- Available data:
--- START ---

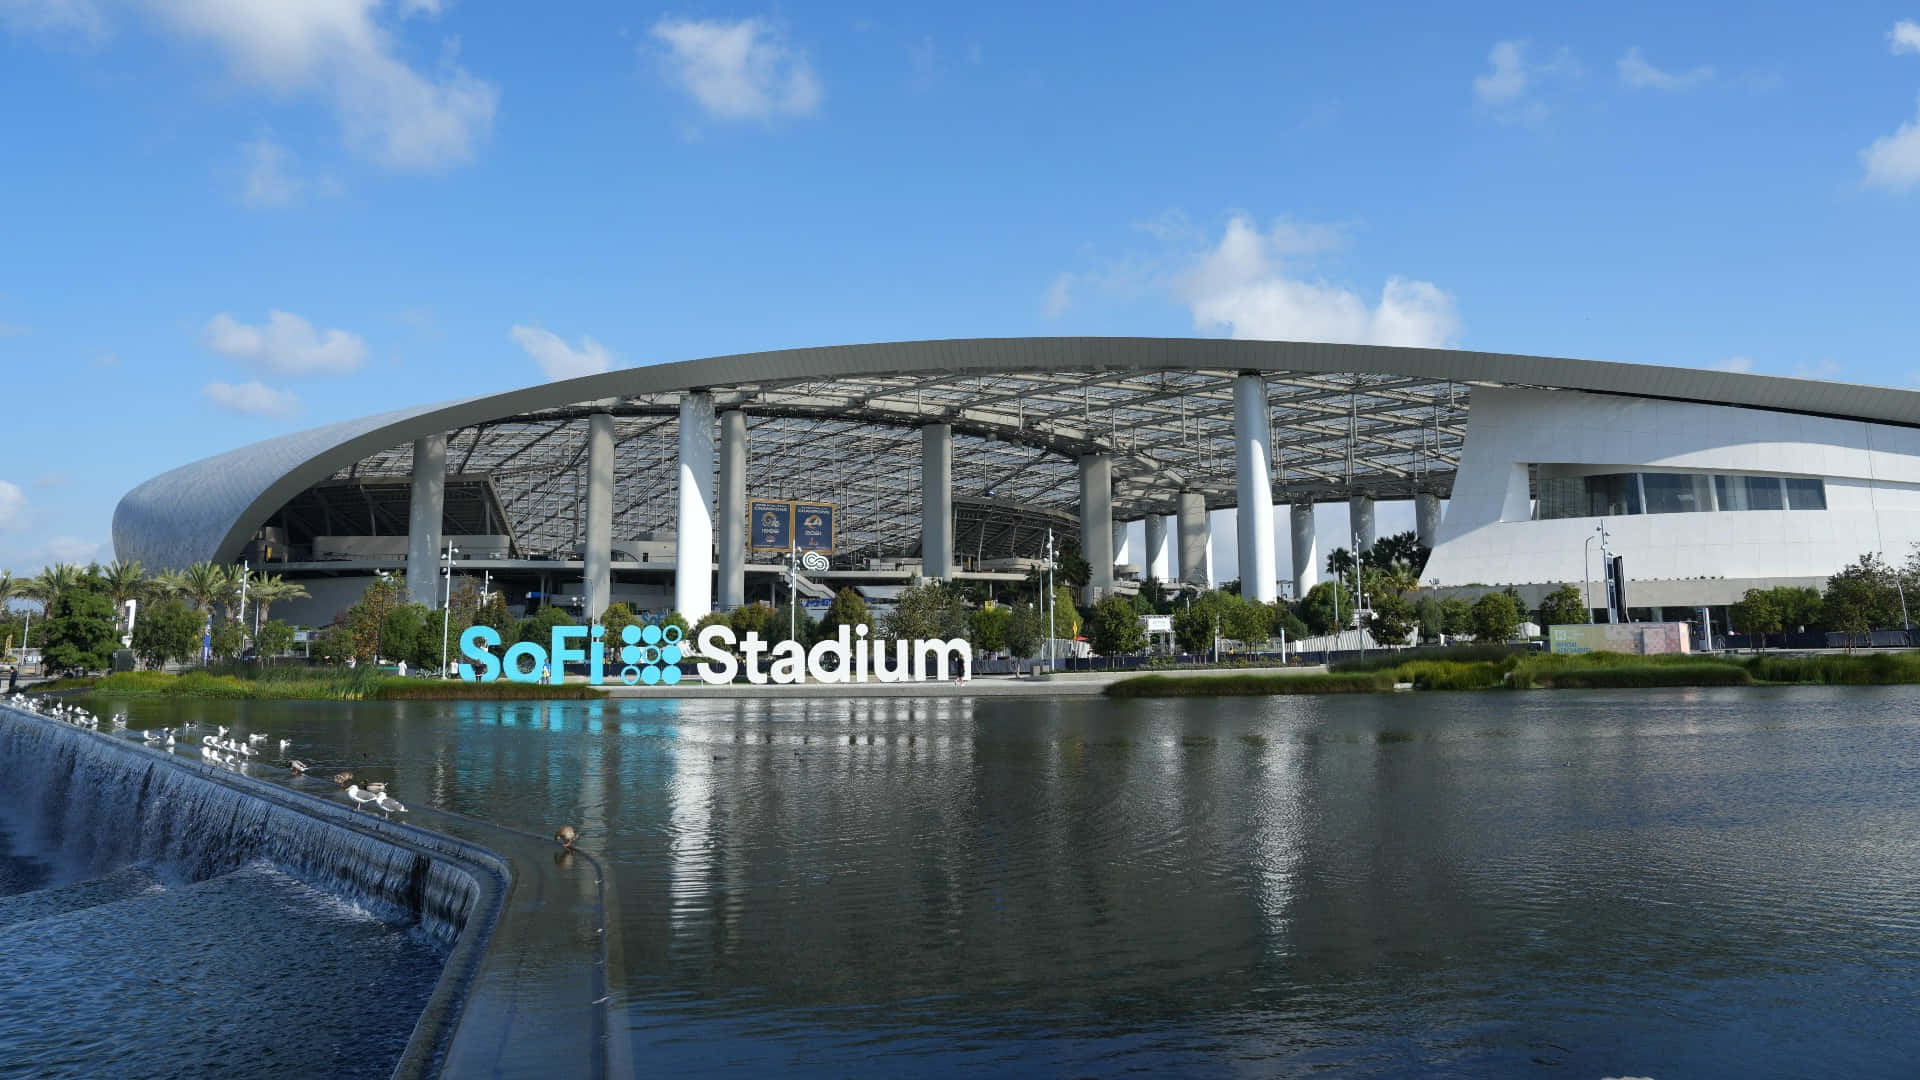 Experience the thrill of the game with Sofi Stadium
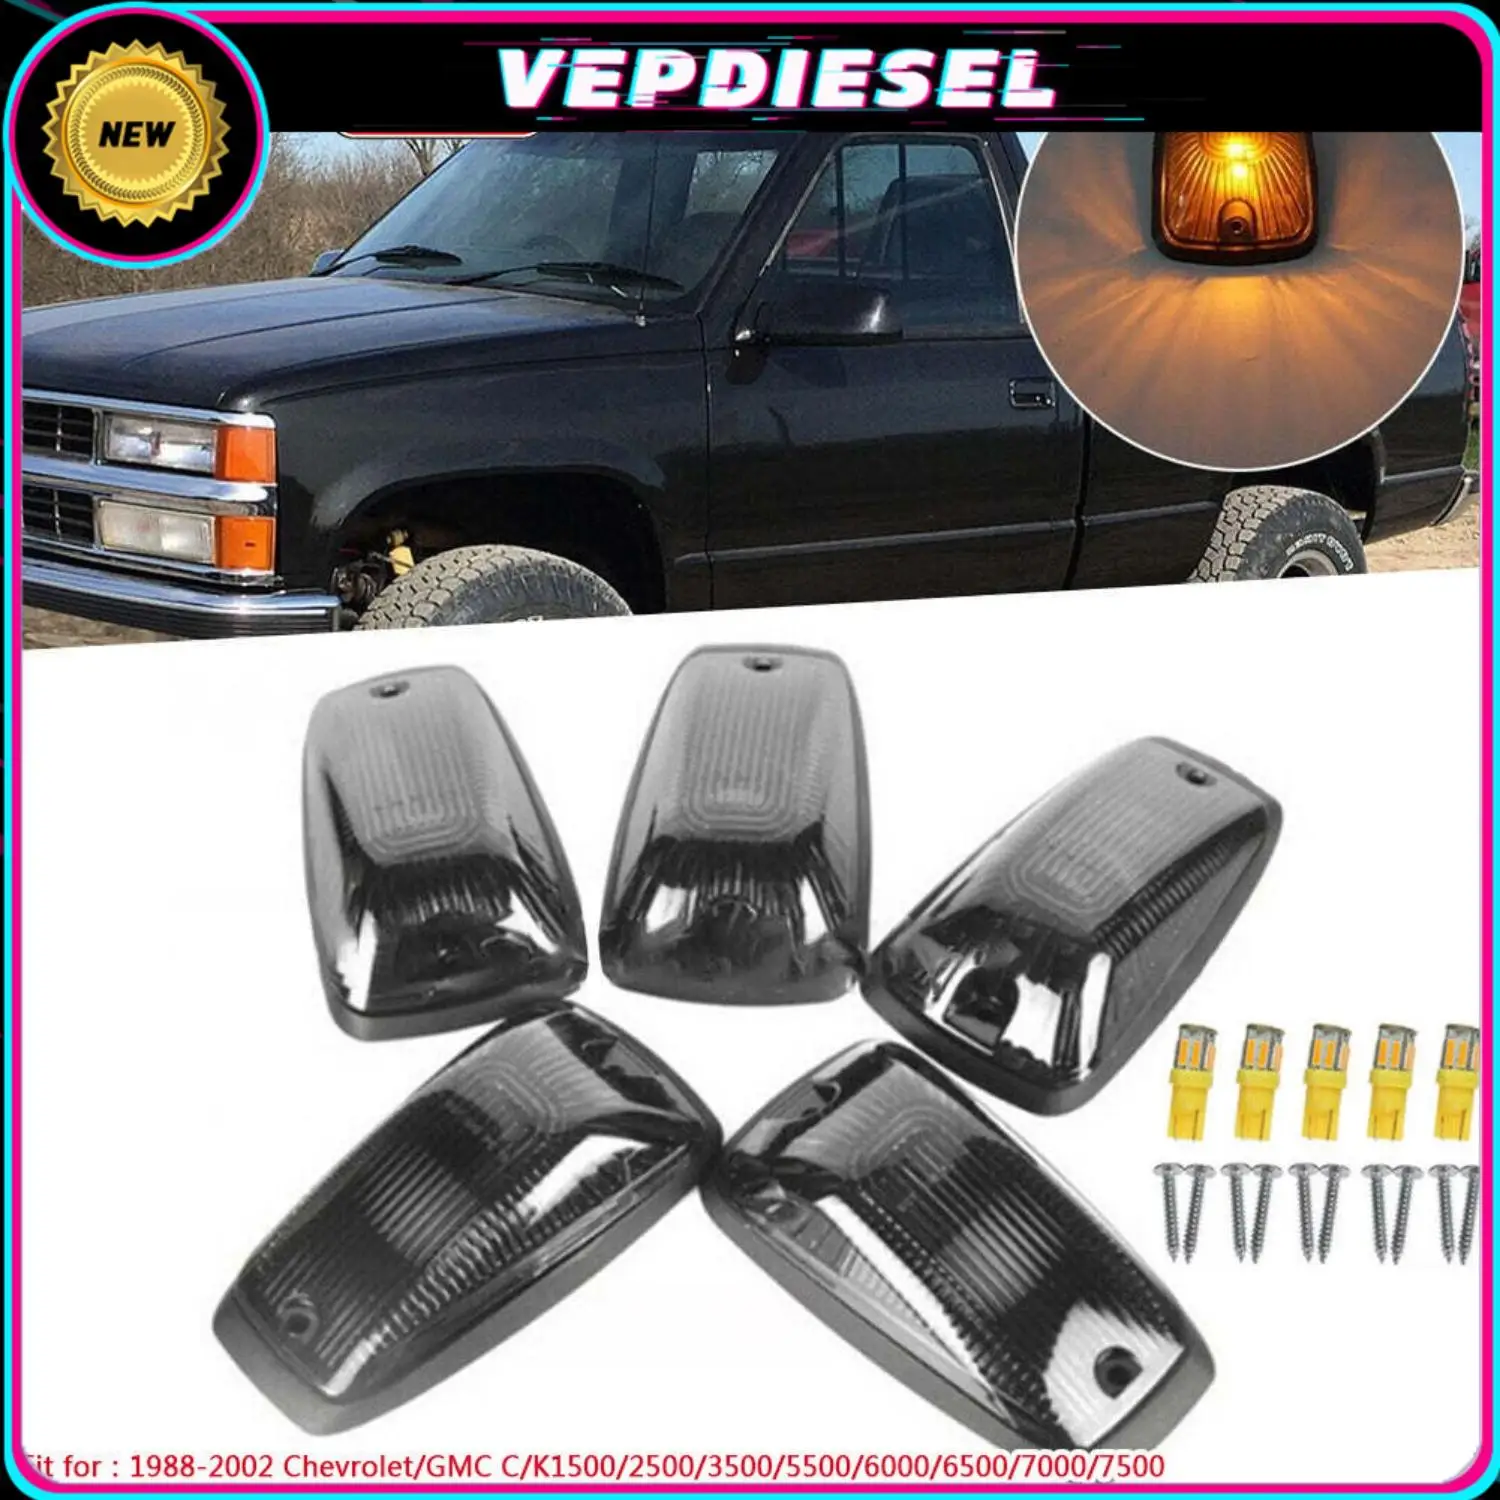 

5pcs New Amber LED Cab Marker Roof Lights For 1988-2002 Chevy GMC C/K 1500 2500 3500 Pickup Trucks Dome Lights
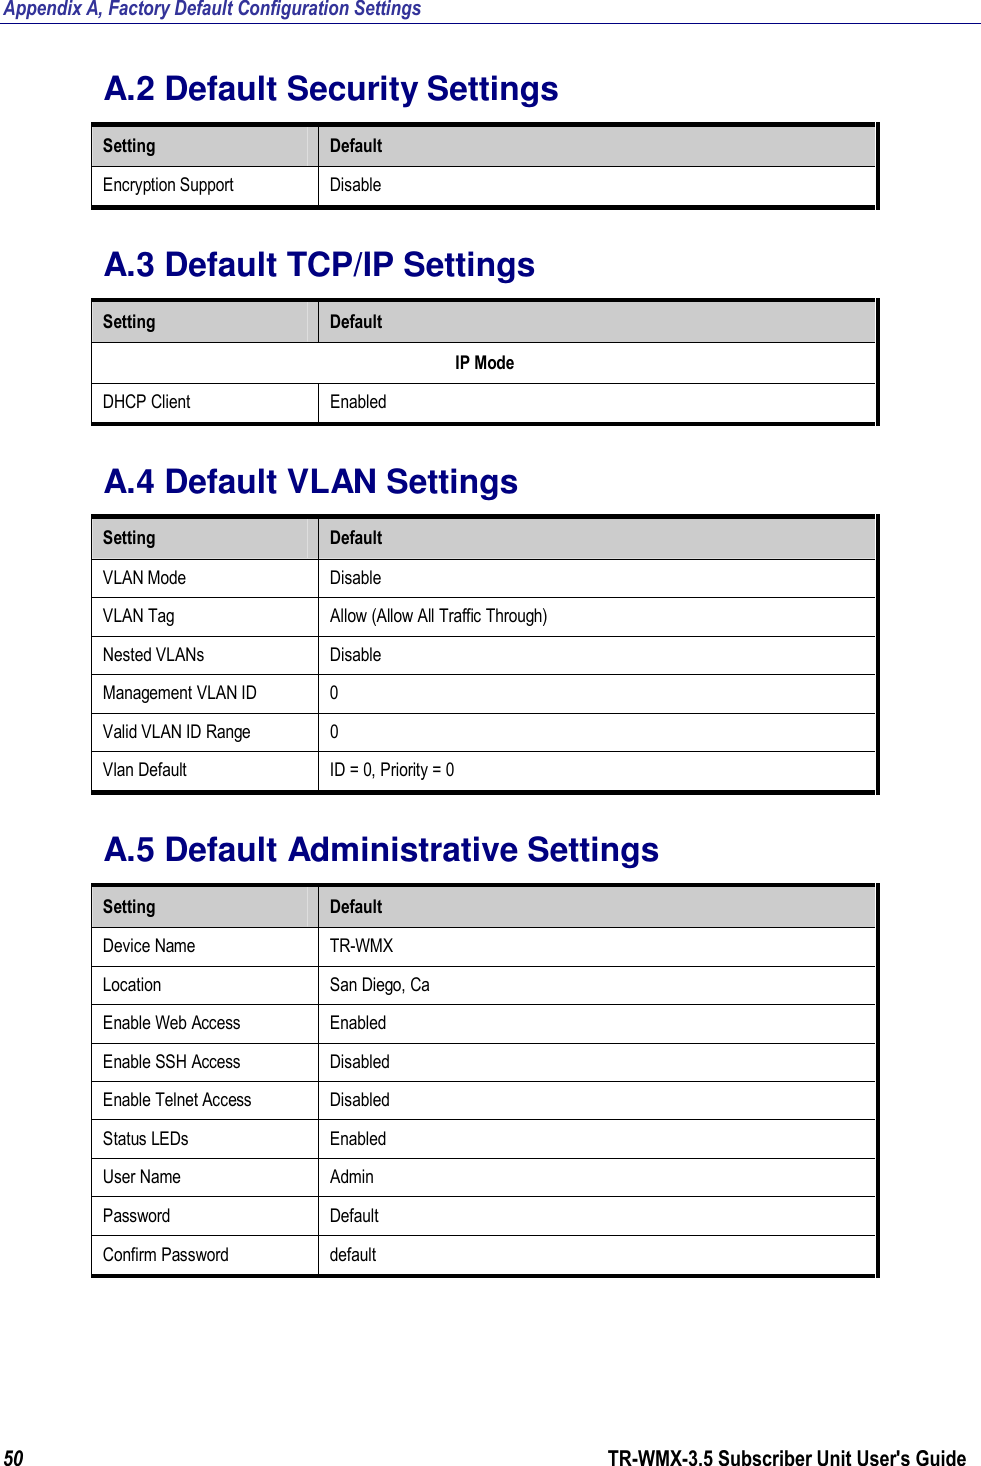 Appendix A, Factory Default Configuration Settings 50                      TR-WMX-3.5 Subscriber Unit User&apos;s Guide  A.2 Default Security Settings Setting  Default Encryption Support  Disable A.3 Default TCP/IP Settings Setting  Default IP Mode DHCP Client  Enabled A.4 Default VLAN Settings Setting  Default VLAN Mode  Disable VLAN Tag  Allow (Allow All Traffic Through) Nested VLANs  Disable Management VLAN ID  0 Valid VLAN ID Range  0 Vlan Default  ID = 0, Priority = 0 A.5 Default Administrative Settings Setting  Default Device Name  TR-WMX Location  San Diego, Ca Enable Web Access  Enabled Enable SSH Access  Disabled Enable Telnet Access  Disabled Status LEDs  Enabled User Name  Admin Password  Default Confirm Password  default 
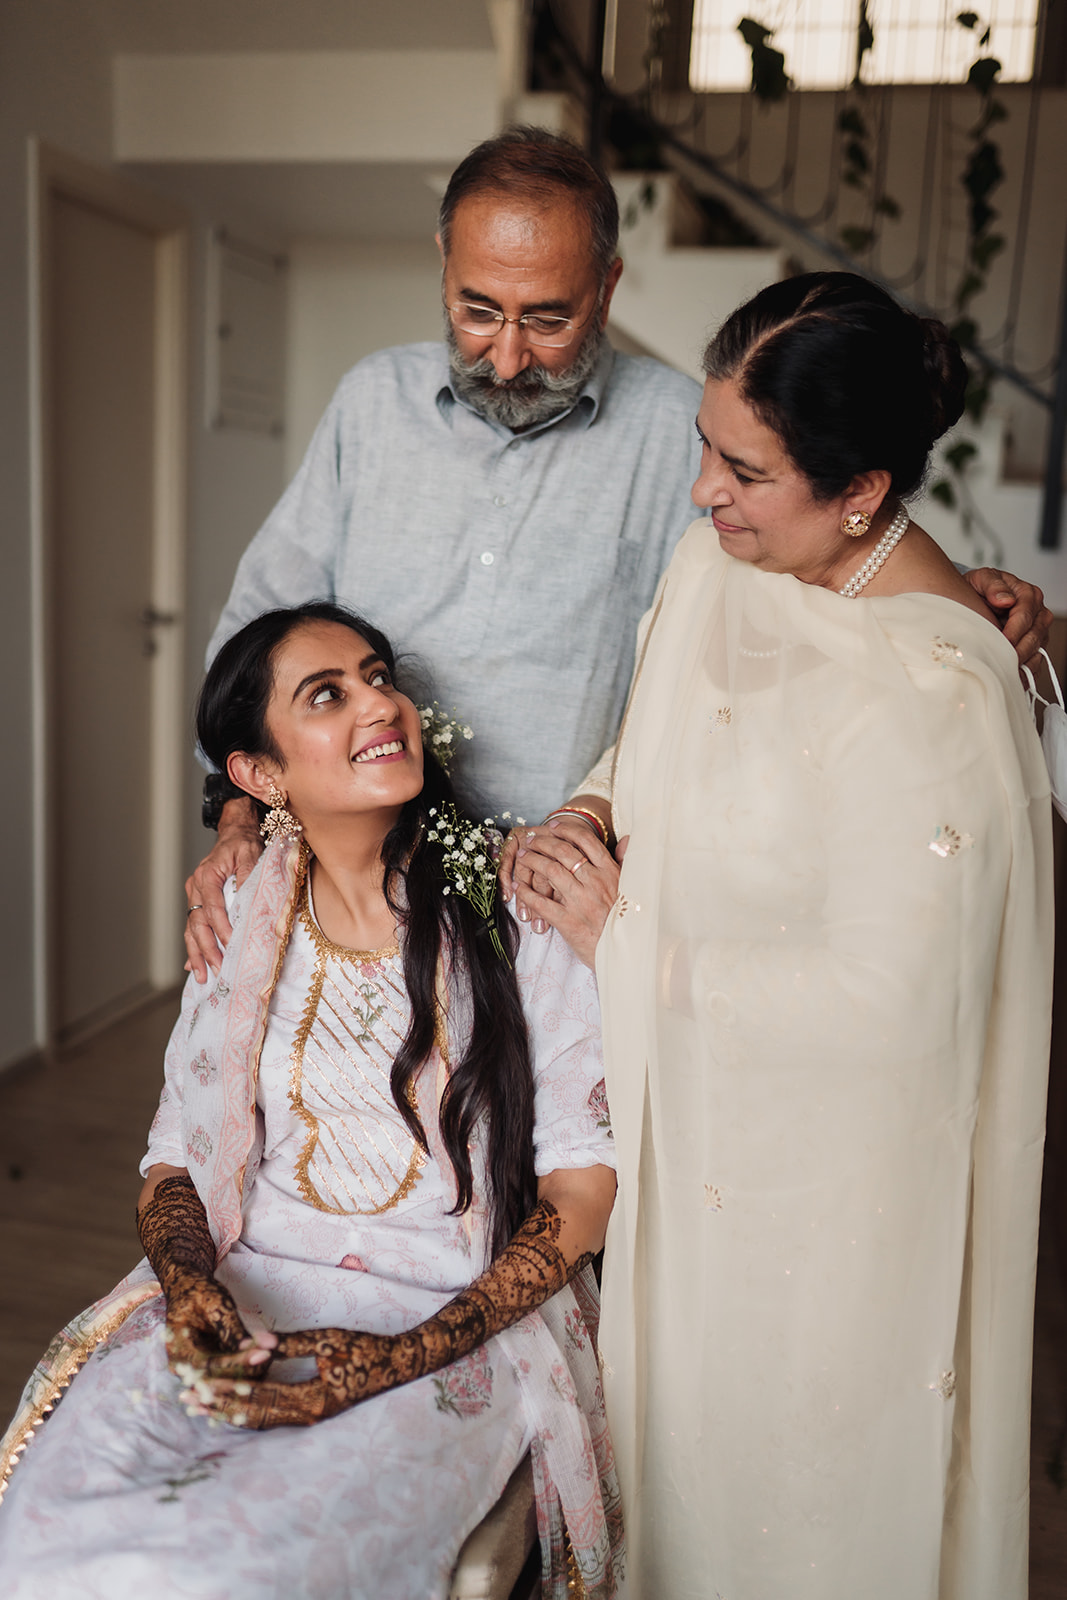 Bridal bond: A beautiful image of the bride surrounded by the love and support of her parents

--- END ---

- Problem description: Omit pictures and output the listing exactly.

- Written response:
 Experience the thrill of the game with Sofi Stadium

5pcs New Amber LED Cab Marker Roof Lights For 1988-2002 Chevy GMC C/K 1500 2500 3500 Pickup Trucks Dome Lights
 Appendix A, Factory Default Configuration Settings 50                      TR-WMX-3.5 Subscriber Unit User&apos;s Guide  A.2 Default Security Settings Setting  Default Encryption Support  Disable A.3 Default TCP/IP Settings Setting  Default IP Mode DHCP Client  Enabled A.4 Default VLAN Settings Setting  Default VLAN Mode  Disable VLAN Tag  Allow (Allow All Traffic Through) Nested VLANs  Disable Management VLAN ID  0 Valid VLAN ID Range  0 Vlan Default  ID = 0, Priority = 0 A.5 Default Administrative Settings Setting  Default Device Name  TR-WMX Location  San Diego, Ca Enable Web Access  Enabled Enable SSH Access  Disabled Enable Telnet Access  Disabled Status LEDs  Enabled User Name  Admin Password  Default Confirm Password  default 
 Bridal bond: A beautiful image of the bride surrounded by the love and support of her parents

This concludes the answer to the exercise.